Anal incontinence following pelvic trauma, surgery or neurologic disorder has significant medical and social implications. When no known functioning sphincter muscles are present, surgical correction of this distressing condition other than by
stomal fecal diversion is aimed at recreating a sphincter mechanism under voluntary control. The use of the gluteus maximus encircling the neorectum with a contractile muscualr ring provides an active control of continence and reserves the anorectal angulation. The sacrifice of the entire gluteus maximum muscle in an ambulatory patient will cause difficulty in climbing stairs; however, the use of the anatomically dissected lower half will preserve its function.
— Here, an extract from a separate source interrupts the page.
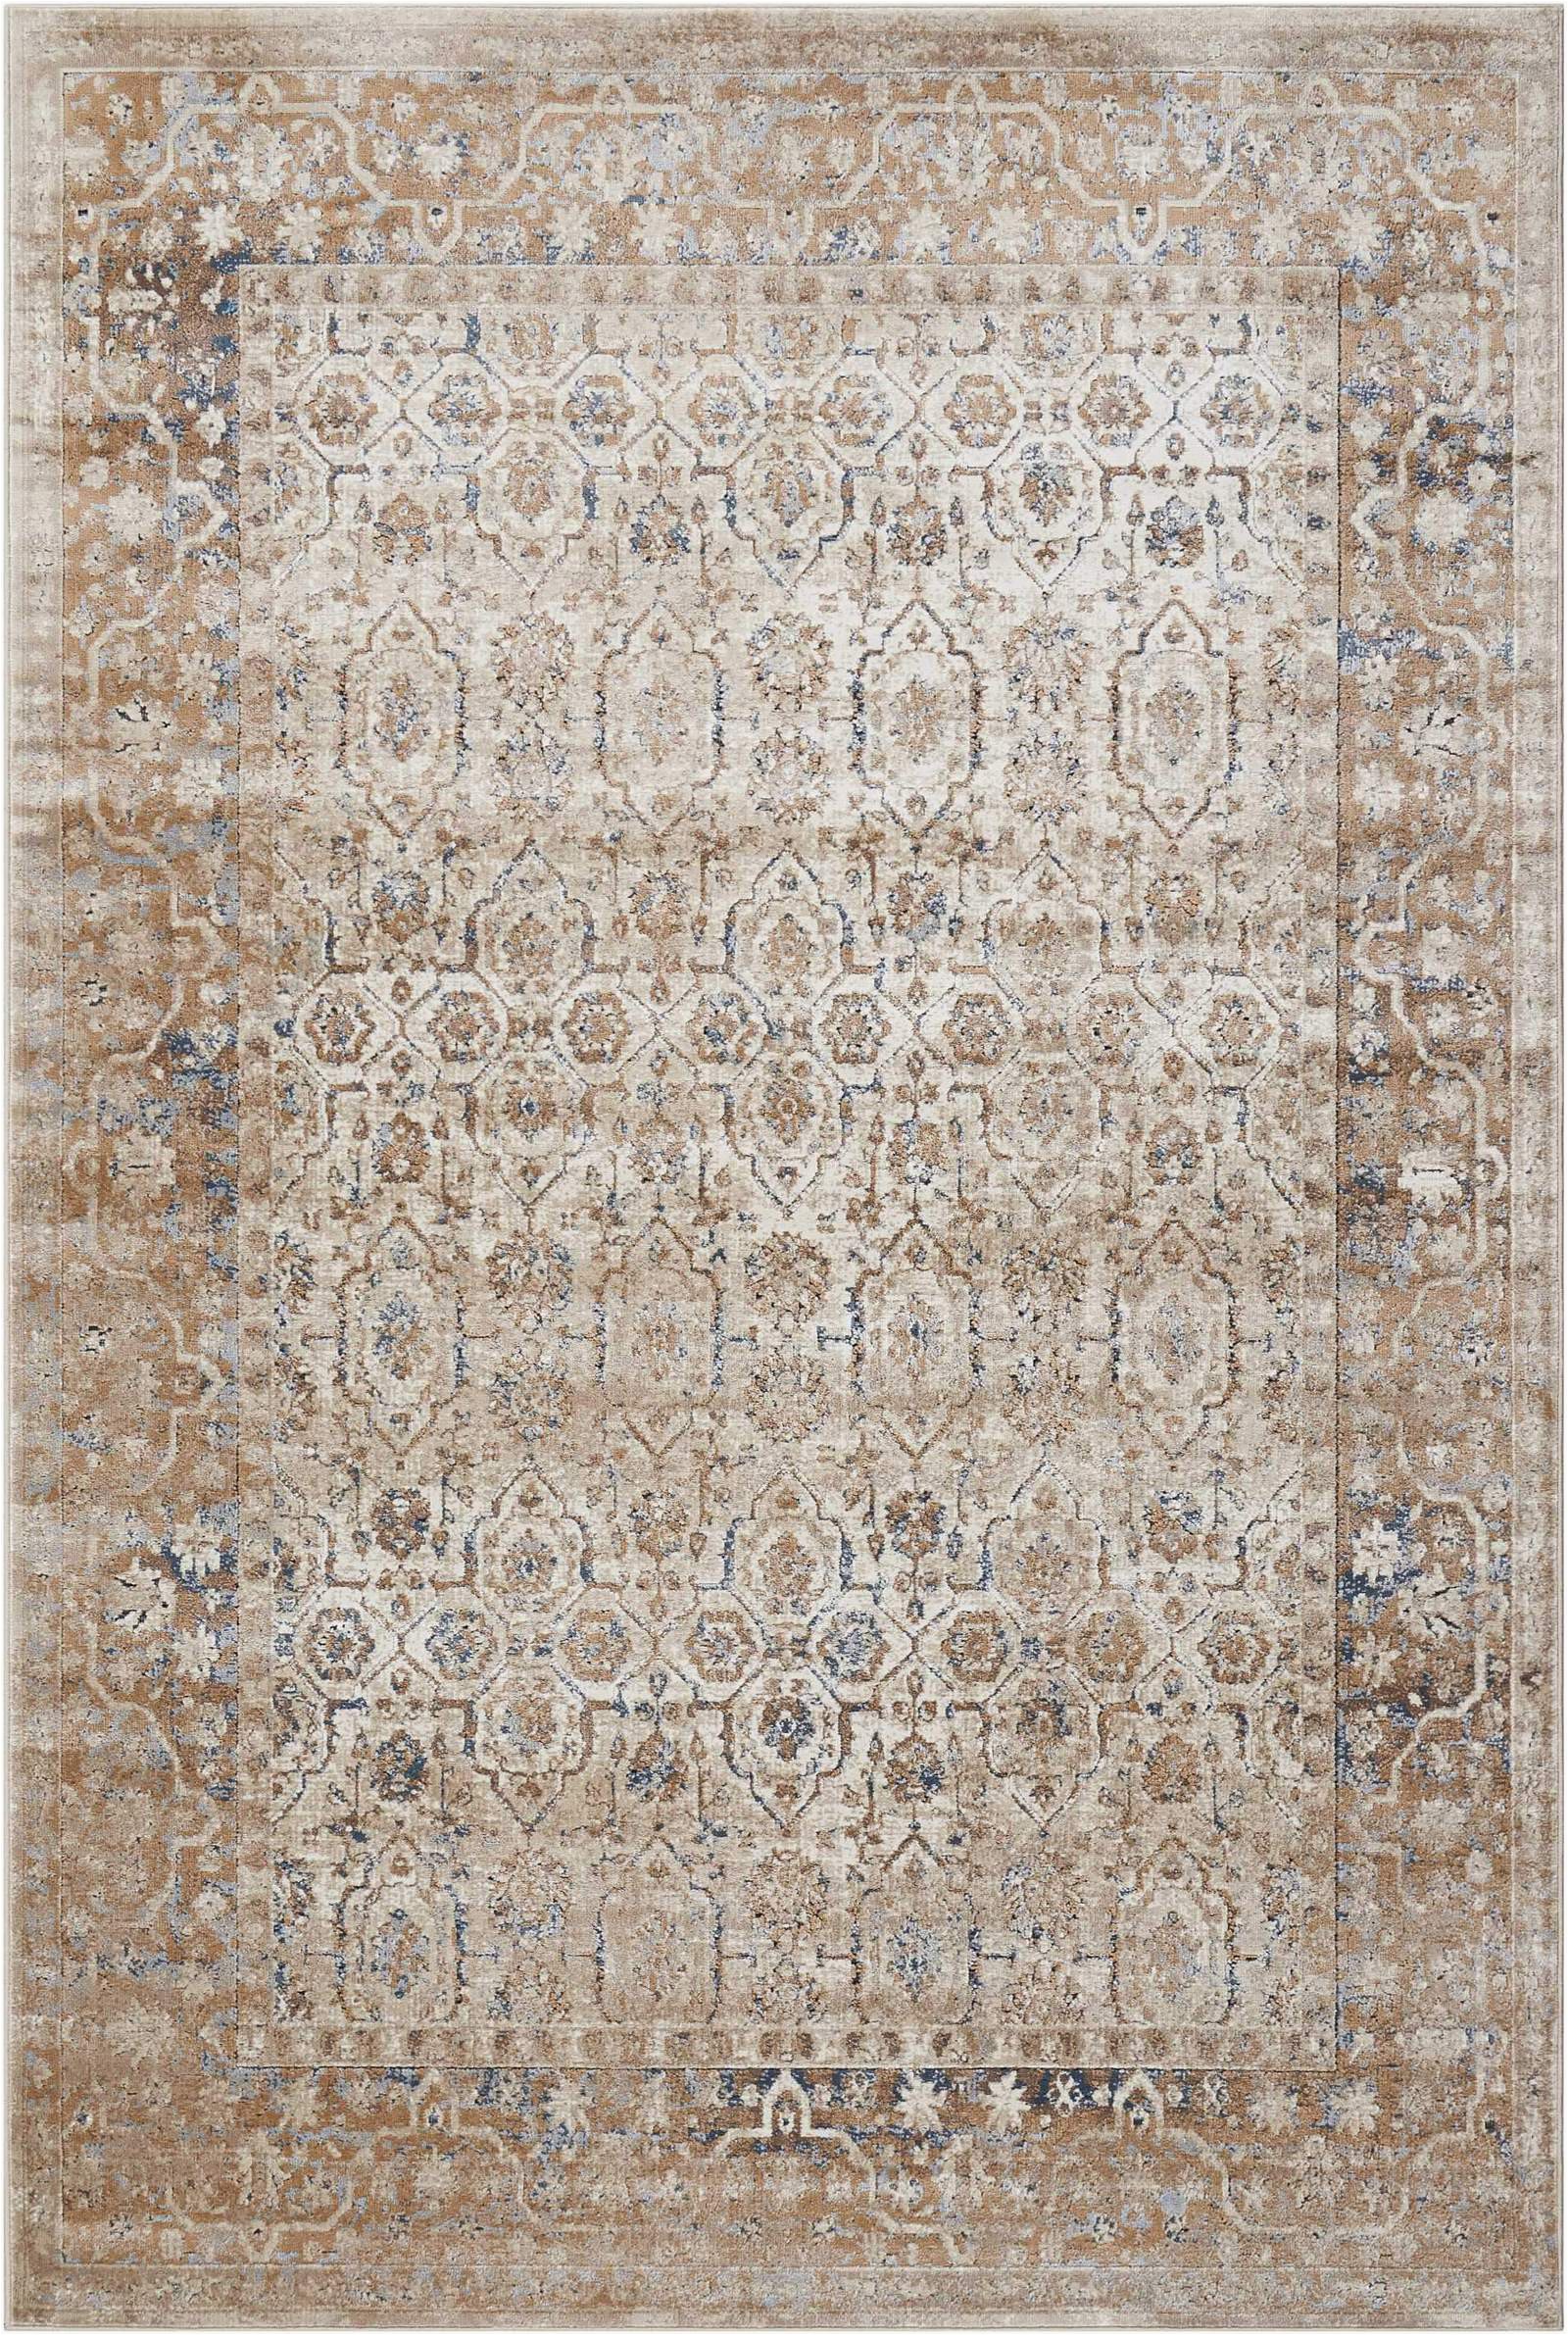 Cheap 12 by 12 area Rugs 9 X 12 Size 53 X 77

With careful dissection, the lower half of the g1uteus maximus muscle together with its neurovascular supply can be developed for anal sphincter reconstruction. Three Patient, (two men and one woman) underwent g1uteus maximus transposition for complete anal incontinence. The indication for operation were sphincter destruction secondary to extensive soft tissue necrosis on perianal, perineal and buttock area due to necrotizing fascitis(n=2), and soft tissue defect on perianal, buttock
area due to trauma(n=1). The procedure is performed with the use of a diverting colostomy. The inferior portion of the origin of each gluteus maximus is detached from the sacrum and coccyx, bifurcated,and tunneled subcutaneously to encircle the anus. The ends were sutured together to form two opposing slings of voluntary muscles. Postoperatively two patient regained continence to solid stool, one to liquid stool as well. The technique of constructing sphincter is simple and utilizes principles of muscle tendon transfer without jeopardizing function of gait. Furthermore the gluteus maximus
muscle, being an accessory muscle of anal continence, is an ideal structure for this reconstruction.